Session 3: The Component Spec Layer

Series: What If a Design System Could Self QA?
Author: C. Maldonado
Date: March 2026

Where We Picked Up

Phases 1 and 2 were done. Tokens flow from Figma to code. Three QA scripts catch accessibility regressions, breaking changes, and cascading impacts on every PR. The pipeline knows about tokens — individual values like colors and spacing. What it doesn't know about is components — the things that use those tokens.

Phase 3 is where that changes. The Master Spec describes it as "Claude Code as intelligent middleware," but before Claude Code can reason about components, something has to exist that describes components in a structured way. That's the component specification layer — the real deliverable of Phase 3.

I knew this going in. What I didn't know was how to build it.

Part 1: The Wrong Starting Point

My first instinct was to look at code. KWI uses MUI (Material UI) for its React component library, themed with our design tokens. So I thought: let me look at how MUI components are structured, understand the theming API, and design the spec schema around that.

Claude pushed back — politely, but clearly. And then I pushed back on Claude. The question I asked was: if the spec is supposed to be abstract and portable across frameworks, why would we derive it from a specific framework's component model?

That was the first real architectural decision of the session. The spec schema should be shaped by what Figma knows about a component, not by how any framework implements it. Figma is the source of truth. The spec is the Figma-truth layer. How MUI (or Tailwind, or Web Components) consumes that spec is a separate concern — the binding layer.

This reframing changed the order of operations:

Look at the Figma MCP to understand what component data Figma can give us
Design the spec schema around that (the abstract "recipe card")
Then look at the KWI repo to build the MUI-specific binding that consumes the spec

I almost started at step 3 and worked backwards. Glad I didn't.

Part 2: What the Figma MCP Tells Us

The Figma MCP server (the plugin that lets Claude talk to Figma) has tools that map almost exactly to the layers we need:

get_metadata returns node IDs, names, types, positions, sizes → component identity
get_variable_defs returns colors, spacing, typography variables used by a selection → token bindings
get_design_context returns full design context and can generate code → the bridge to implementation
get_code_connect_map and add_code_connect_map read and write mappings between Figma nodes and code components → the binding layer
create_design_system_rules generates rule files for translating designs into framework-specific code → framework binding config

This was a big moment. We don't have to invent the extraction pipeline from scratch. The MCP already knows how to pull component structure and token usage out of Figma. Our spec schema is the structured intermediate format that sits between what these tools extract and what any framework binding consumes.

The flow:

Figma component
  → MCP extracts (metadata + variables + design context)
    → Component Spec (our schema — the "recipe card")
      → Framework Binding (MUI theme override, Tailwind classes, etc.)
        → Code

The spec doesn't replace the MCP — it's the stable, version-controlled artifact that the MCP populates.

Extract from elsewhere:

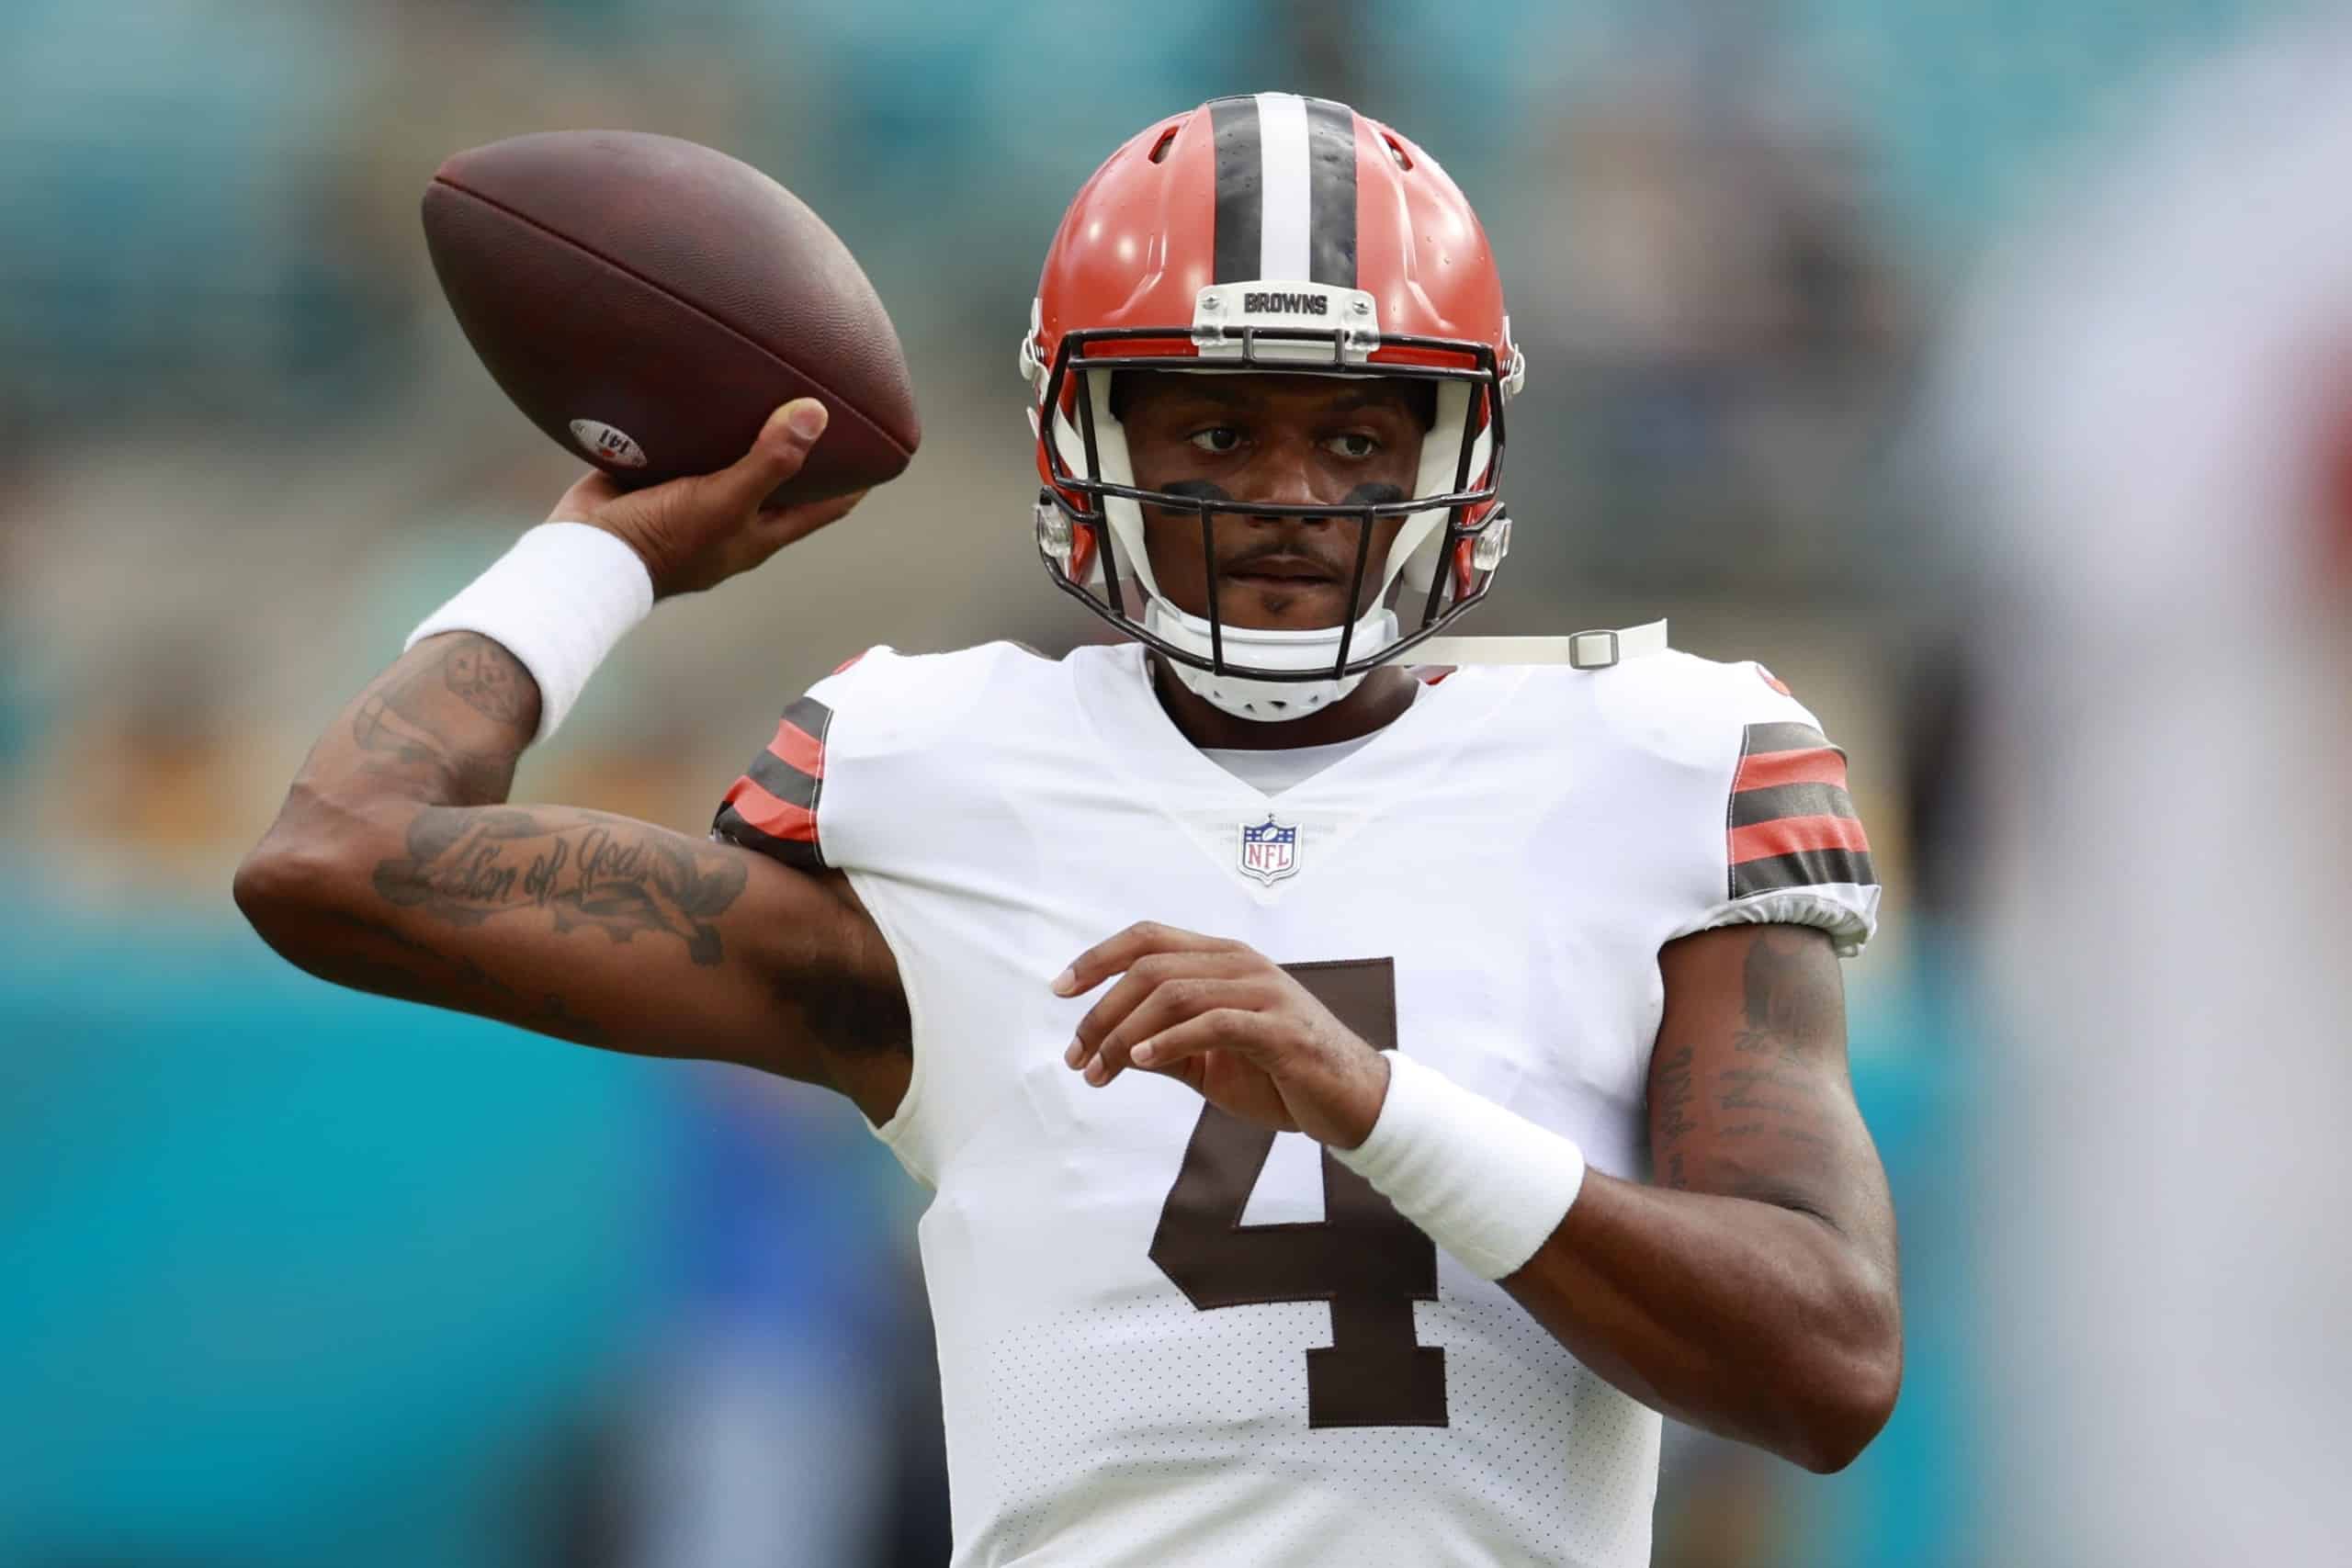 Deshaun Watson throws pass prior to game with the Cleveland Browns

Part 3: Schema vs. Instance

I had to learn what a schema actually is during this session. Not ashamed to say it — I'm a designer, and the word "schema" was floating around without me having a concrete grip on it.

Here's how I understand it now: a schema is a template with rules. Like a medical form. It tells you: "put your name here (text), your date of birth here (date), check one box for gender." You can't put a phone number where the date goes. A schema does the same thing for data.

The component spec schema says: "every component must have a name, a list of variants, a set of states, a set of slots (anatomy), and accessibility requirements." That's the blank form — universal, framework-agnostic, works for any org.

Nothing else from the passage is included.